Dataset –
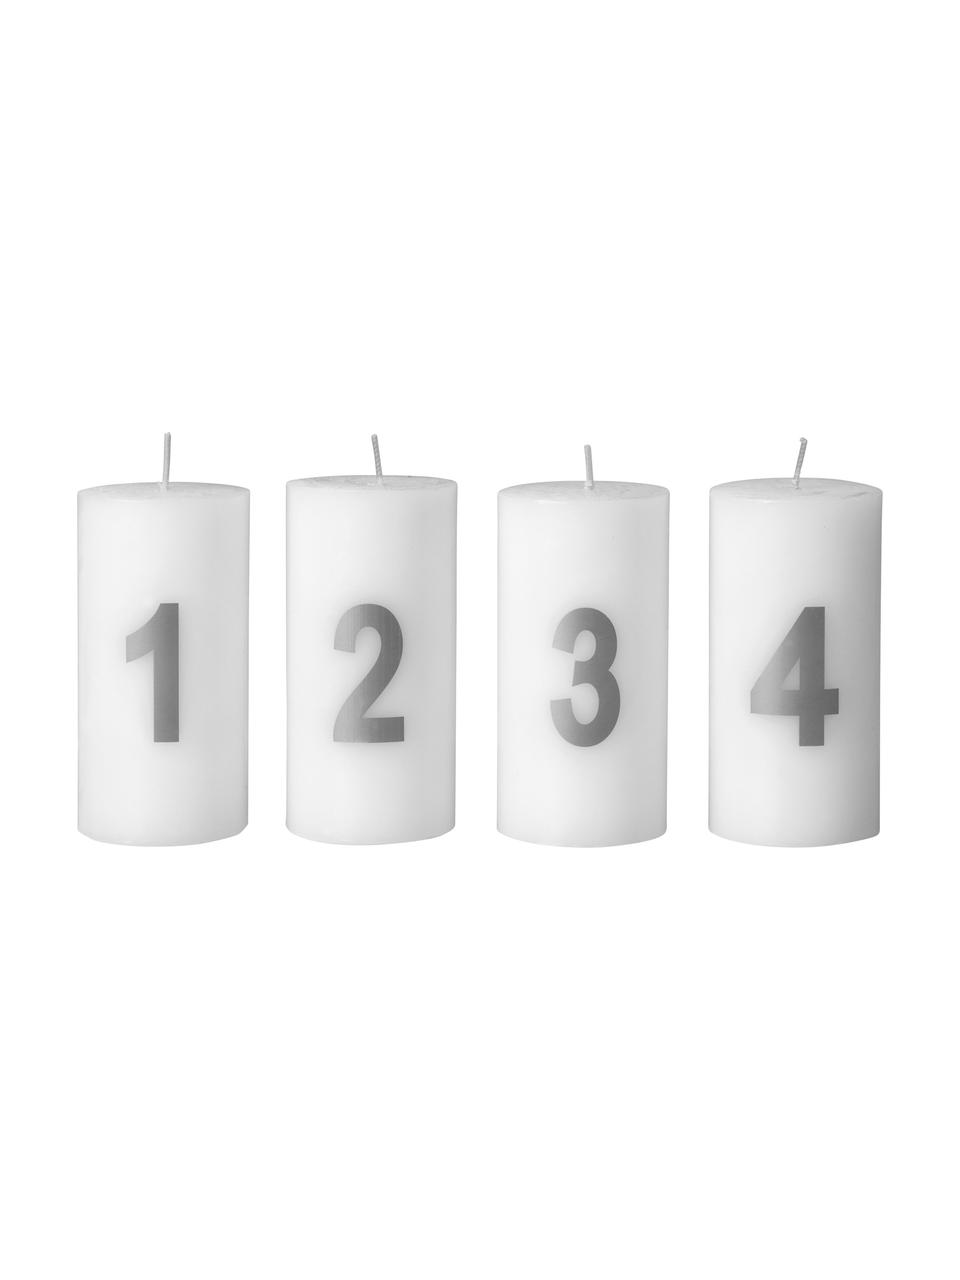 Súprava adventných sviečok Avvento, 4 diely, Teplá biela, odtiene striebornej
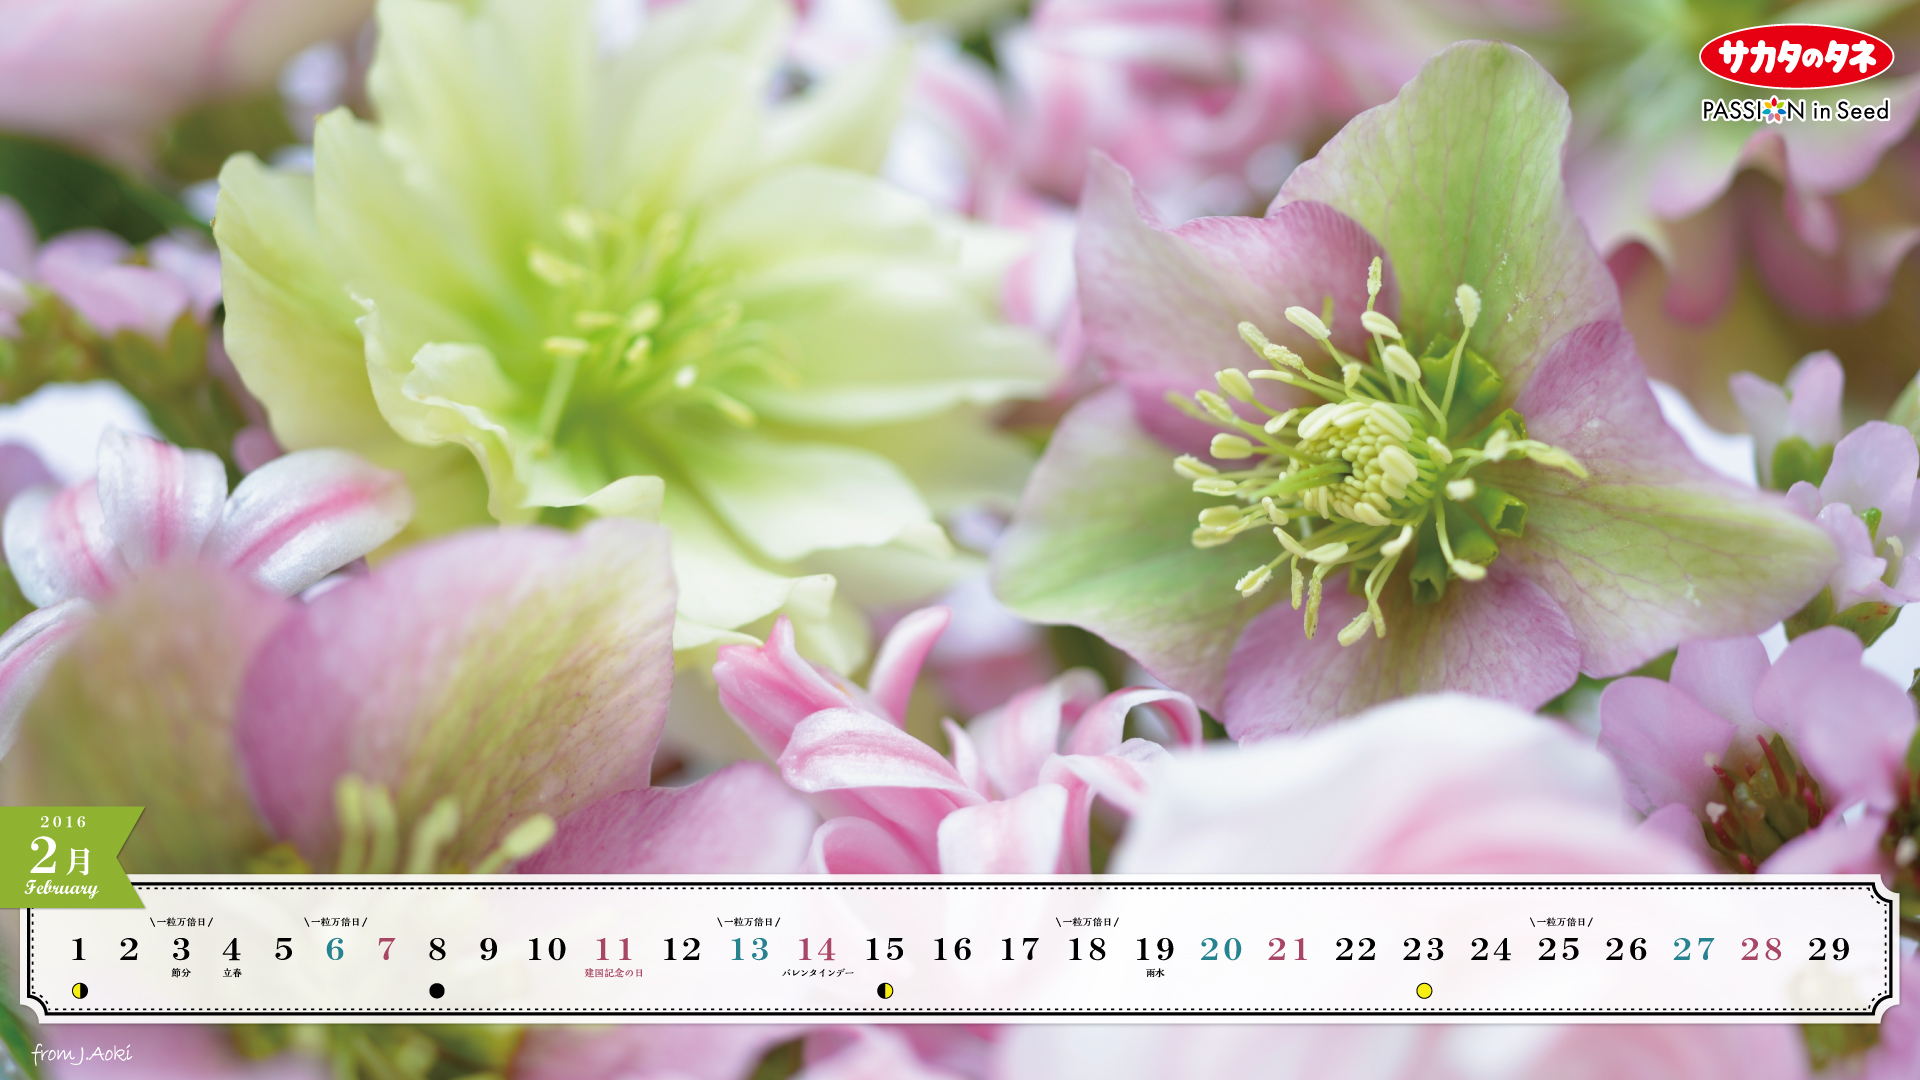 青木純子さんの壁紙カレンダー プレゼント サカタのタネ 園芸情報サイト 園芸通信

==

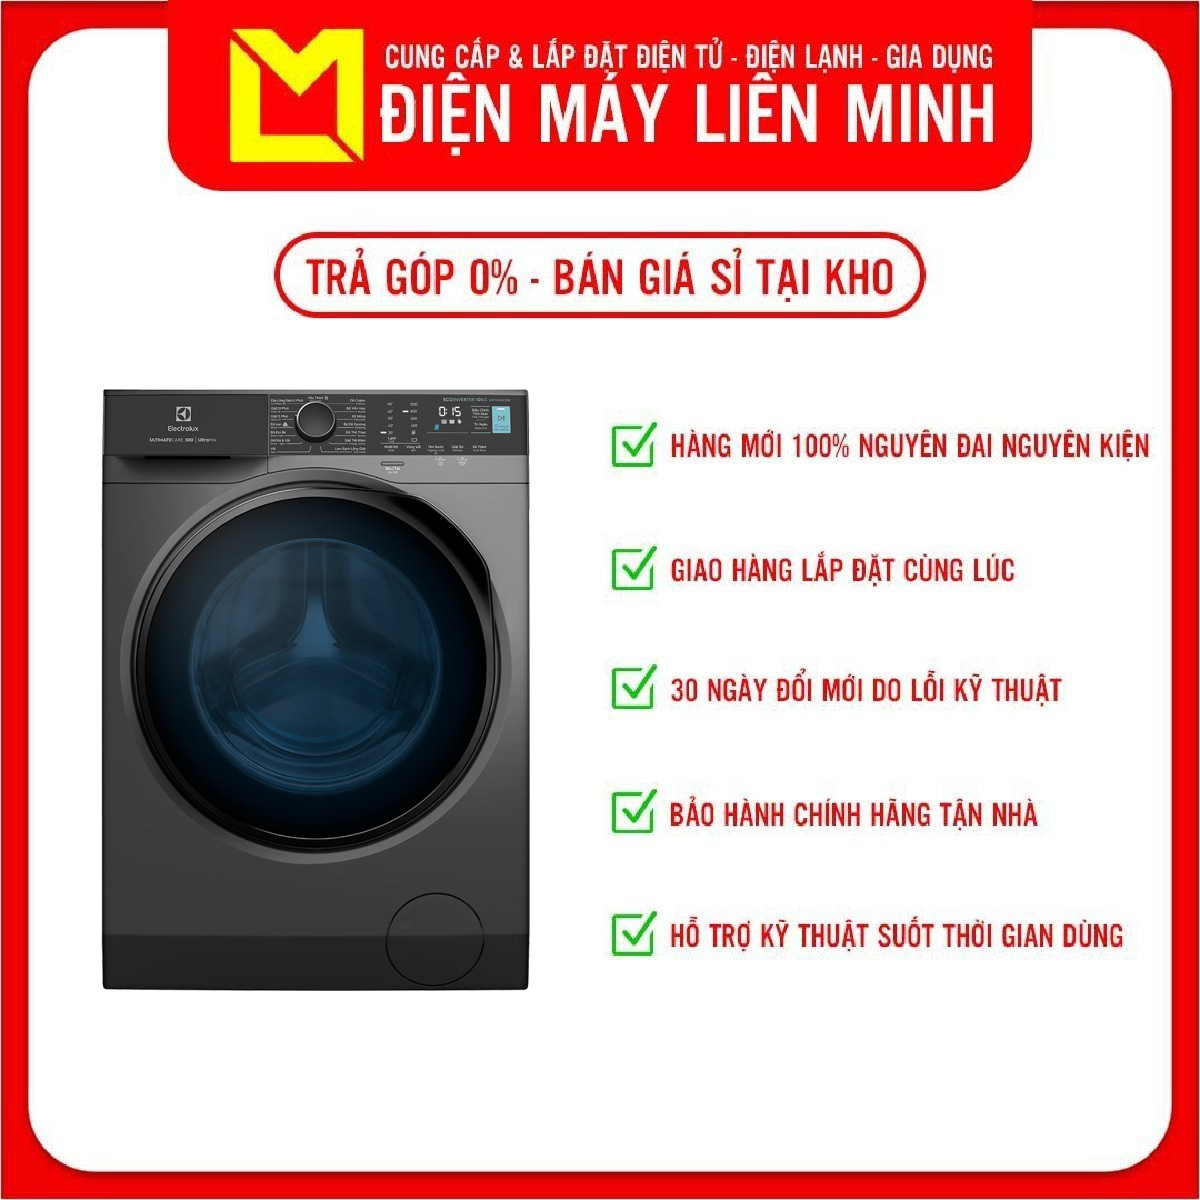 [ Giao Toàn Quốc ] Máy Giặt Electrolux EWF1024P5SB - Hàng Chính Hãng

* * *

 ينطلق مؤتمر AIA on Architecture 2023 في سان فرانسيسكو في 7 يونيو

Exercise aim – Start with the line above containing "Súprava adventných sviečok" and end with the line containing "青木純子さんの壁紙カレンダー プレゼント サカタのタネ 園芸情報サイト 園芸通信". Set down that stretch exactly, without any pictures.

Your solution –
 Súprava adventných sviečok Avvento, 4 diely, Teplá biela, odtiene striebornej
 青木純子さんの壁紙カレンダー プレゼント サカタのタネ 園芸情報サイト 園芸通信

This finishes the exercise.